Trophos reports data for muscular atrophy compound
Trophos S.A. (Marseille, France) said once-daily oral olesoxime (TRO19622) prevented loss of motor function as measured by the change from baseline in Motor Function Measure (MFM) score at two years -- the primary endpoint -- compared to placebo in a Phase II/III trial to treat spinal muscular atrophy (SMA). The company said placebo patients showed a progressive loss of motor function typical for the disease. The double-blind, European trial enrolled 165 patients ages three to 25 with type II or non-ambulatory type III SMA. Trophos said it plans to submit U.S. and EU regulatory applications for the product in the indication, but declined to disclose a time frame. Olesoxime is a small molecule with cholesterol-like structure that interacts with the mitochondrial permeability transition pore (MPTP).

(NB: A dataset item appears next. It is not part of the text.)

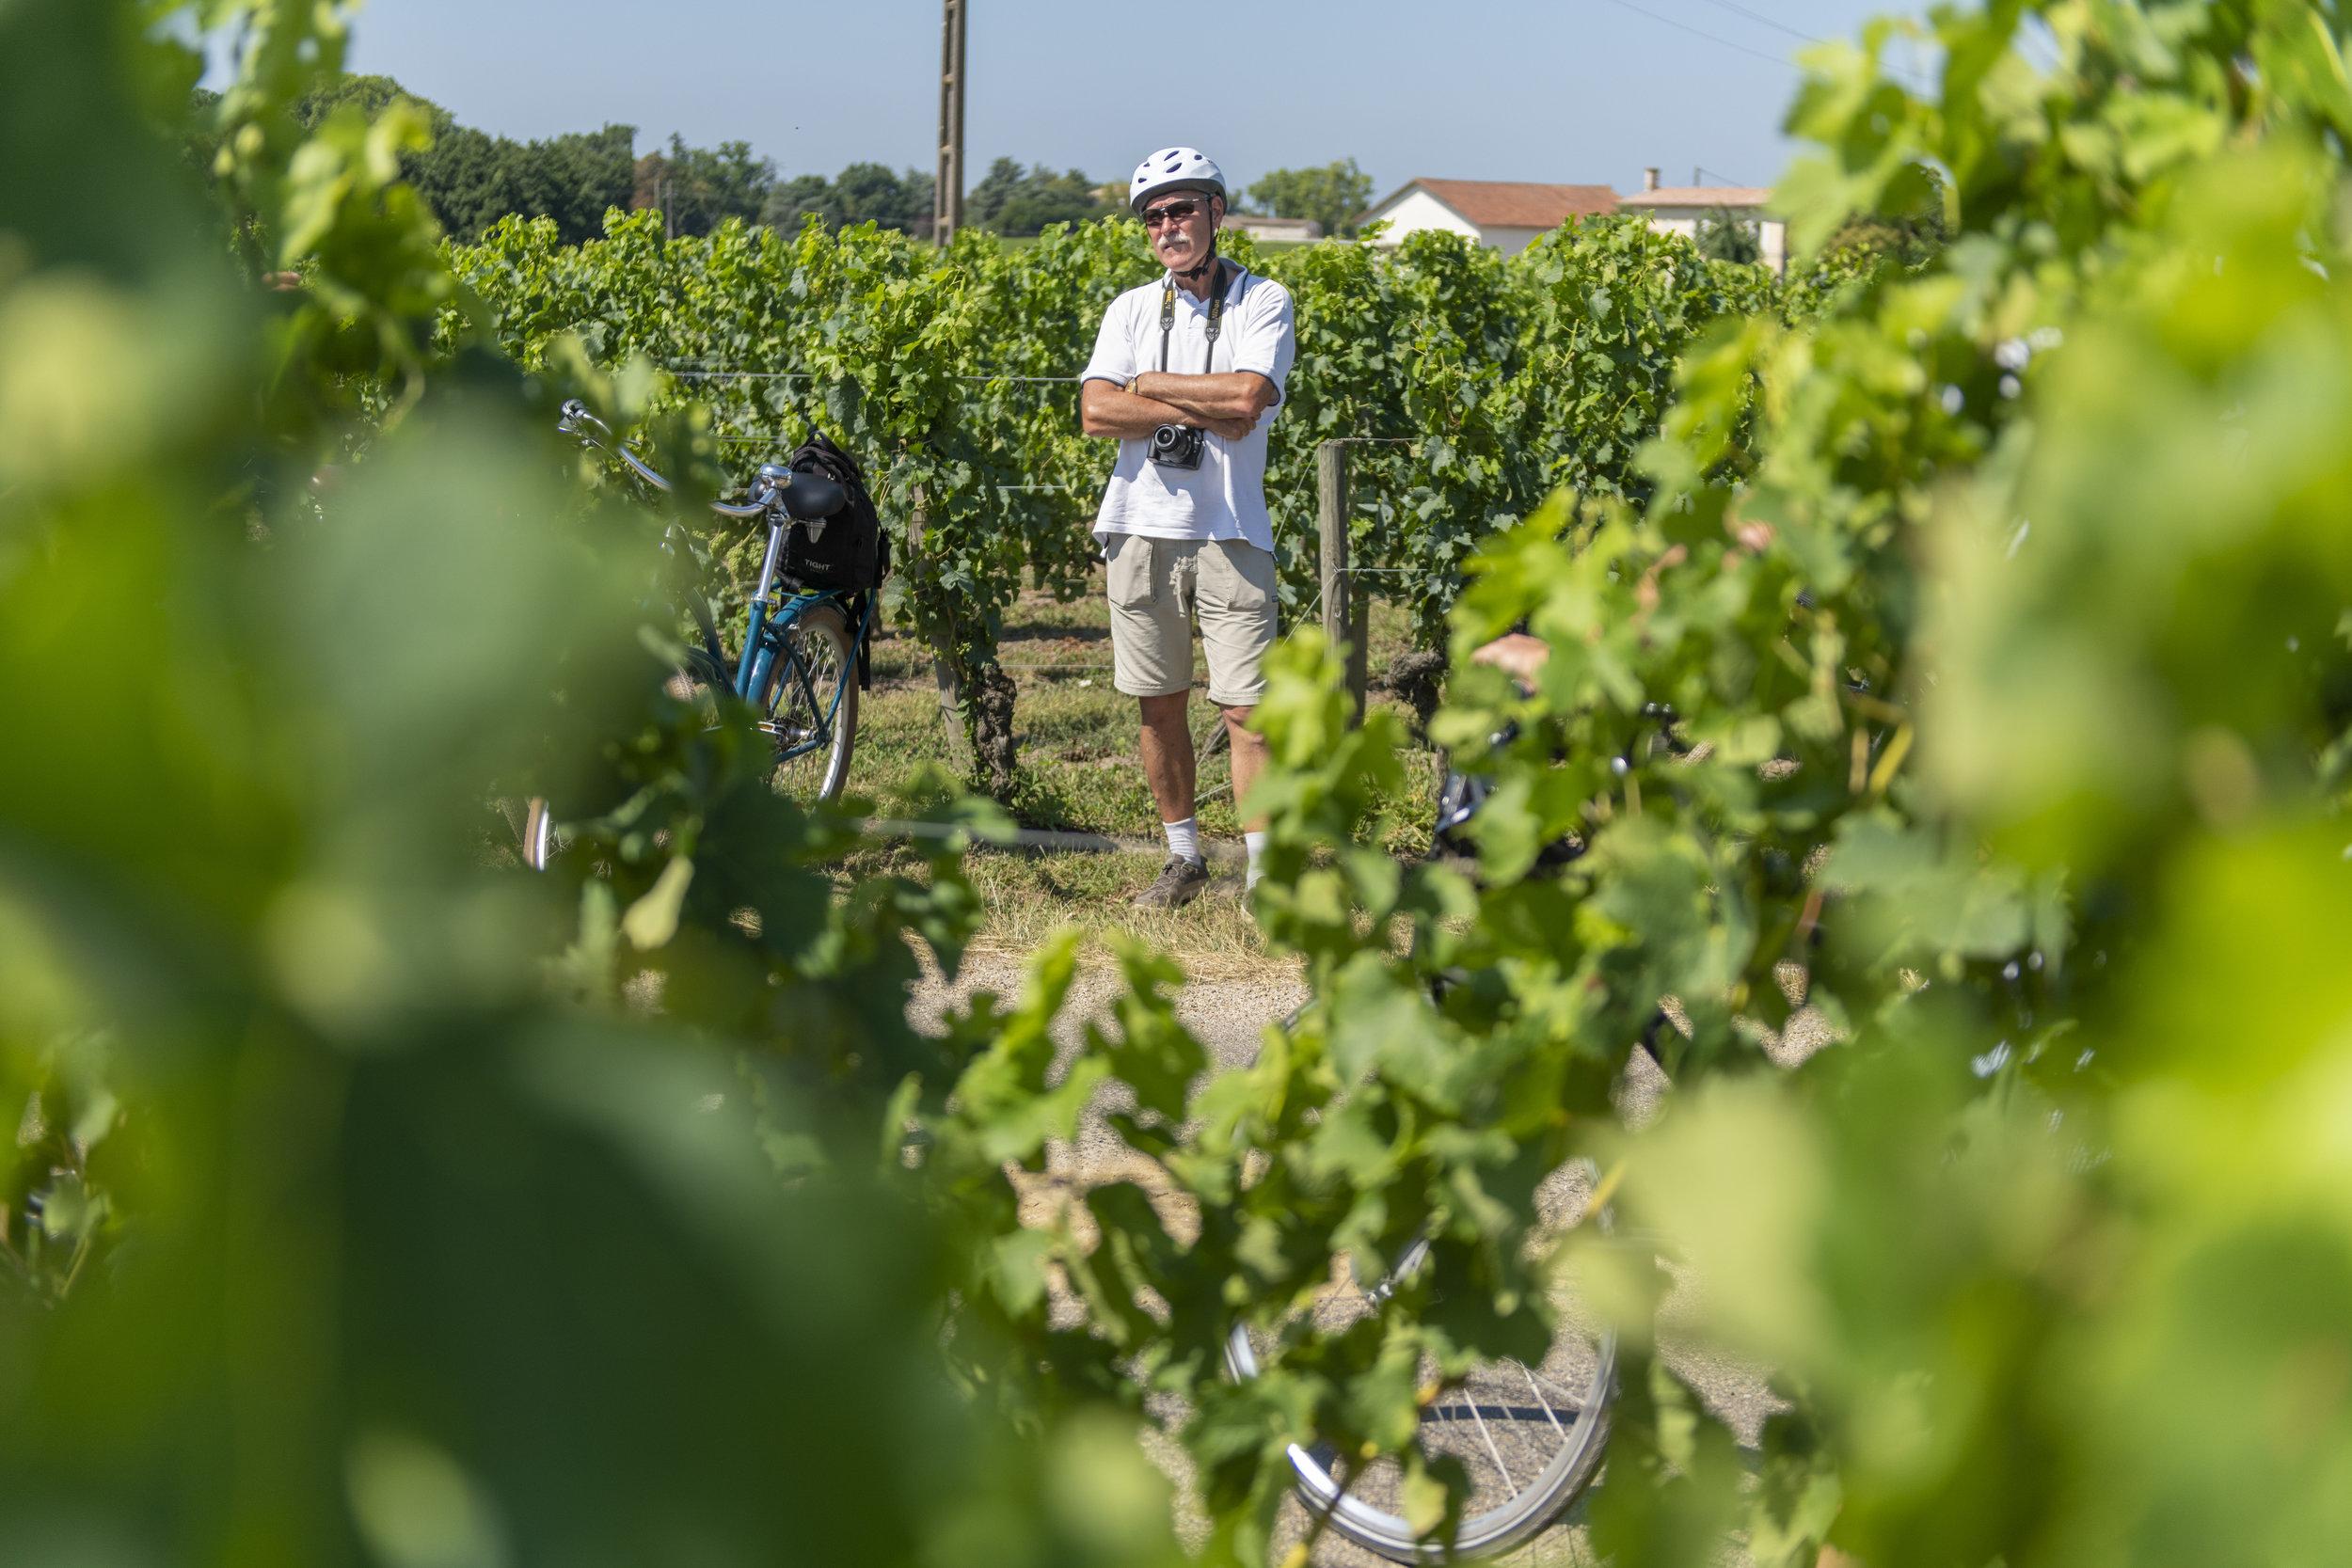 veneto - Prosecco Bike Ride

Torii reports Japanese data for dust mite immunotherapy
Torii Pharmaceutical Co. Ltd. (Tokyo:4551) said TO-203 met the primary endpoint of reducing Total Combined Rhinitis Score (TCRS) vs. placebo in a Japanese Phase II/III trial in patients with house dust mite-induced allergic rhinitis. Torii is also conducting a Japanese Phase II/III trial with TO-203 in patients with dust mite-induced allergic asthma, with data expected in "the coming months." Torii said the results from both trials will determine whether the company submits a Japanese NDA for the tablet-based sublingual allergen immunotherapy.